On this particular evening the bath had been a very lingering one. Isabel had unearthed an aged rubber duck from an attic in her mother’s country house. It should, of course, have gone to salvage long ago, but had been overlooked, much to Penny’s delight. When she could be torn away from it, there was not as much time left as Judy could have wished. Even if you are completely indifferent to a young man, you do like to have time to do the hair and give nature a helping hand with the face before he comes to supper. It is difficult to bathe the very young without becoming dishevelled. The old-fashioned Nanny could do it, but it is a rapidly dying art. Judy was hot and damp as she sat on the edge of her bed and held out her arms.
“Now Penny—prayers.”
Miss Penelope Fossett was wearing pale blue pyjamas. Her dark hair curled artlessly about her enchanting head. She had little pink ears and rather a heart-shaped face. Her eyes were unbelievably blue, her lashes unbelievably long and black. The colour in her cheeks was pure and deep. She diffused warmth, moisture, and a smell of lavender soap as she kneeled up beside Judy, bowed her head upon her folded hands, and emitted a long penetrating “Moo!” If you laughed you were lost. Judy bit the inside of her lip, which sometimes helped.
“Penny! I said prayers!”
One blue eye opened, gazed at her, and shut again.
“It is saying its prayers. It’s a moo-cow. That’s the way they say them.”
It took about a quarter of an hour to persuade Penny to be human again. Even then a last faint contumacious “Moo!” followed the final amen.

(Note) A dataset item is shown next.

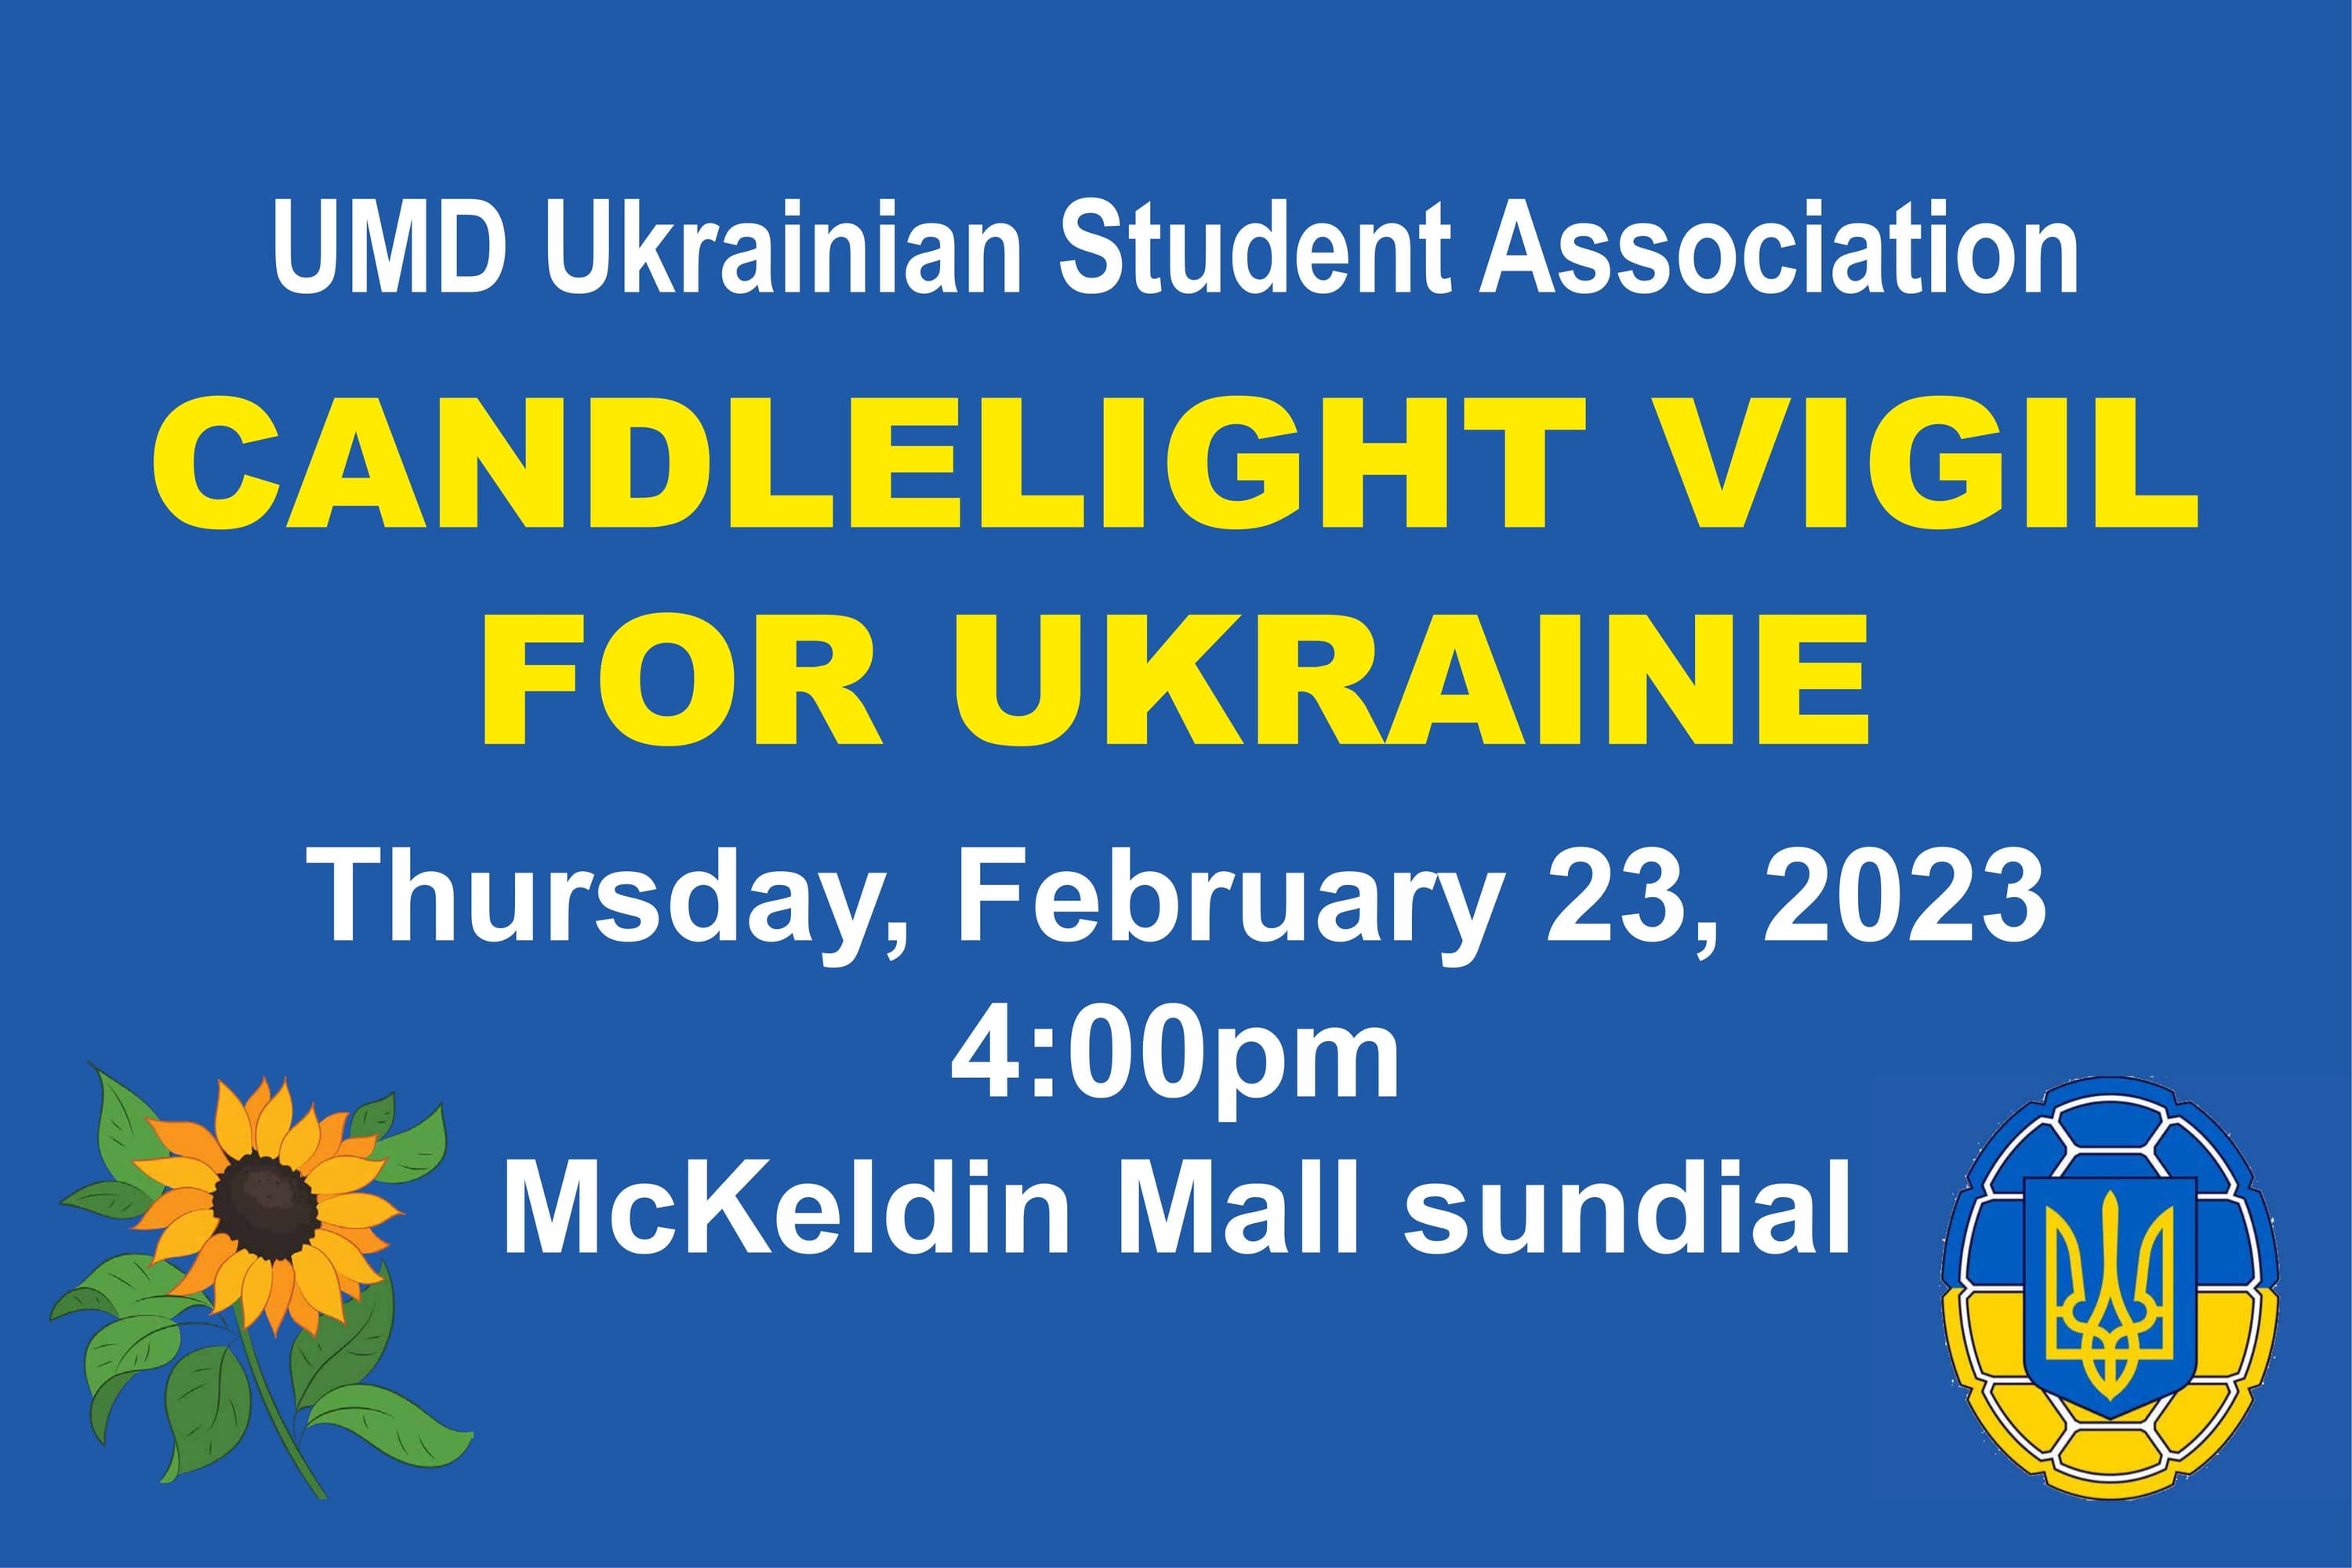 Vigil for Ukraine

Judy turned a deaf ear, forbade further conversation, and went to tidy herself up in the bathroom. She had just come to the conclusion that she had never looked plainer in her life, when the front door bell rang and she had to go and let Frank Abbott in.
They made the omelette together in Isabel’s minute kitchen. There is nothing like a homely, domestic job for breaking the ice. By the time he had laid the table, and she had called him an idiot for dropping the butter-dish, they might have been married for years. Over the omelette, which was very good and had all sorts of exciting scraps in it, Frank told her so. His naturally impudent tongue was his own again, but if he expected to raise a blush he was disappointed. Miss Elliot agreed with perfect calm.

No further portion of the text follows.